The constraint relative to the reference DEM is needed, to make sure the DEM produced later agrees with the reference one. Otherwise, the final solution may not be unique, as a long-wavelength perturbation consistently applied to all obtained camera trajectories may work just as well.

Here we set --rotation-weight 0 and --translation-weight 0. These are camera constraints, and at least a positive position (translation) constraint is normally recommended. See Section 16.35.2.

The model states (Section 8.12.6) of optimized cameras are saved with names like:


Then, stereo can be redone, just at the triangulation stage, which is much faster than doing it from scratch. The optimized cameras were used:

parallel_stereo                                                 \
  --prev-run-prefix stereo/run                                  \
  --stereo-algorithm asp_mgm                                    \
  --alignment-method local_epipolar                             \
  img/J03_045820_1915_XN_11N210W.cal.cub                        \
  img/K05_055472_1916_XN_11N210W.cal.cub                        \
  jitter/run-J03_045820_1915_XN_11N210W.cal.adjusted_state.json \
  jitter/run-K05_055472_1916_XN_11N210W.cal.adjusted_state.json \
  point2dem --errorimage stereo_jitter/run-PC.tif

To validate the results, first the triangulation (ray intersection) error (Section 16.52) was plotted, before and after solving for jitter. These were colorized as:

colormap --min 0 --max 10 stereo/run-IntersectionErr.tif
colormap --min 0 --max 10 stereo_jitter/run-IntersectionErr.tif

The result is below.


Fig. 16.3 The colorized triangulation error (max shade of red is 10 m) before and after optimization for jitter.

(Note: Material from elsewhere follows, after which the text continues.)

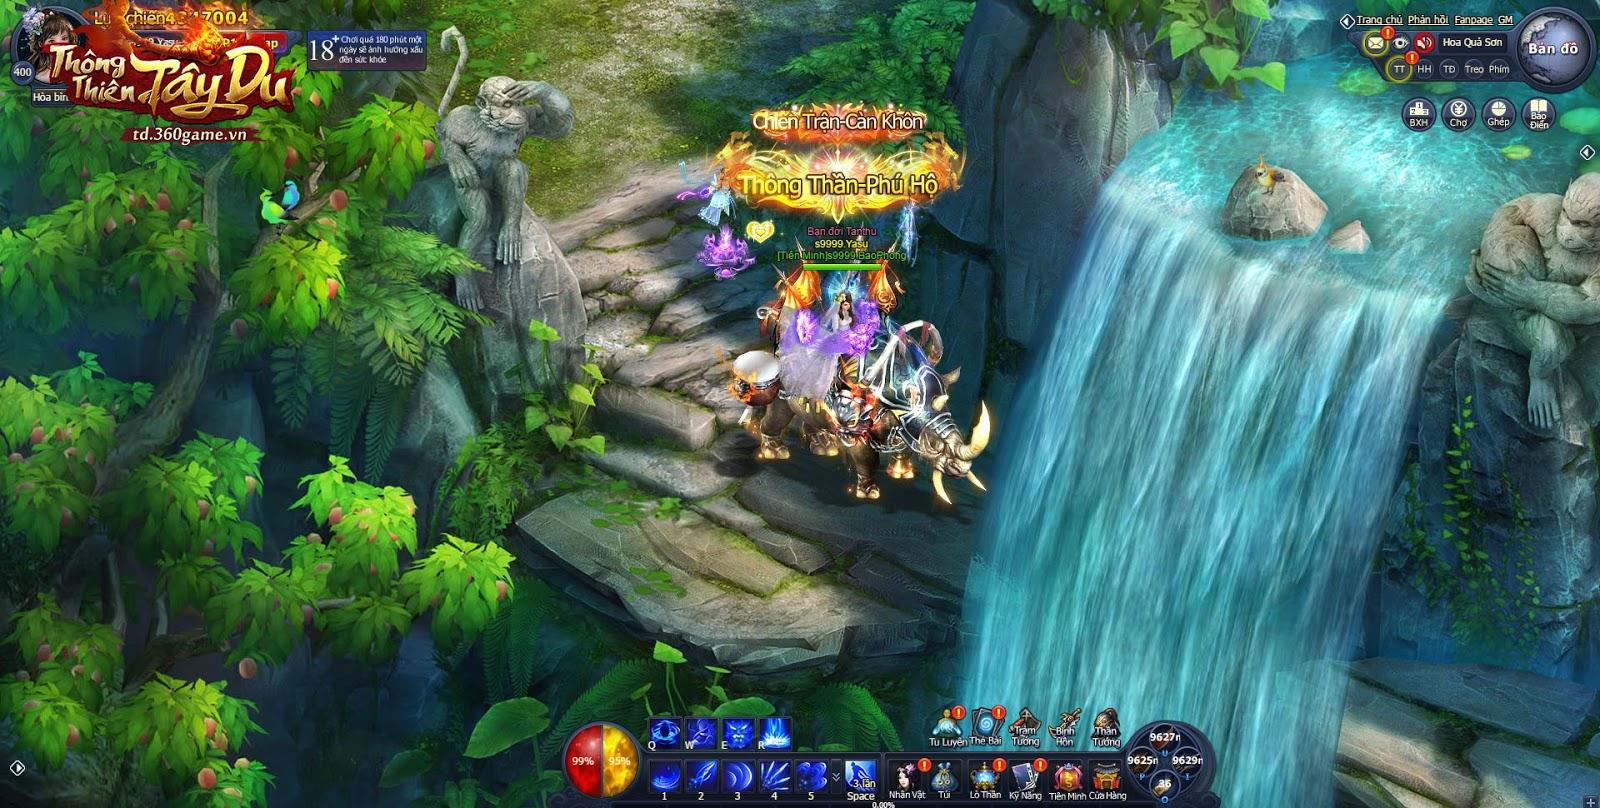 Thông Thiên Tây Du là webgame thể loại nhập vai dễ tiếp cận với đại đa số  game thủ Việt Nam, được xây dựng trên cốt truyện Tây Du Ký quen thuộc.

Then, the absolute difference was computed between the sparse MOLA dataset and the DEM after alignment and before solving for jitter, and the same was done with the DEM produced after solving for it:

geodiff --absolute                                  \
  --csv-format 1:lon,2:lat,5:radius_m               \
  stereo/run-align-trans_reference-DEM.tif mola.csv \
  -o stereo/run

geodiff --absolute                                  \
  --csv-format 1:lon,2:lat,5:radius_m               \
  stereo_jitter/run-DEM.tif mola.csv                \
  -o stereo_jitter/run

Similar commands are used to find differences with the reference DEM:

geodiff --absolute ref_dem.tif                \
  stereo/run-align-trans_reference-DEM.tif -o \
colormap --min 0 --max 20 stereo/run-diff.tif

geodiff --absolute ref_dem.tif                \
  stereo_jitter/run-DEM.tif                   \
  -o stereo_jitter/run
colormap --min 0 --max 20 stereo_jitter/run-diff.tif

Plot with:

stereo_gui --colorize --min 0 --max 20 \
   stereo/run-diff.csv                 \
   stereo_jitter/run-diff.csv          \
   stereo/run-diff_CMAP.tif            \
   stereo_jitter/run-diff_CMAP.tif     \
   stereo_jitter/run-DEM.tif           \

DEMs can later be hillshaded.


Fig. 16.4 From left to right are shown colorized absolute differences of (a) jitter-unoptimized but aligned DEM and MOLA (b) jitter-optimized DEM and MOLA (c) unoptimized DEM and reference DEM (d) jitter-optimized DEM and reference DEM. Then, (e) hillshaded optimized DEM (f) hillshaded reference DEM . The max shade of red is 20 m difference.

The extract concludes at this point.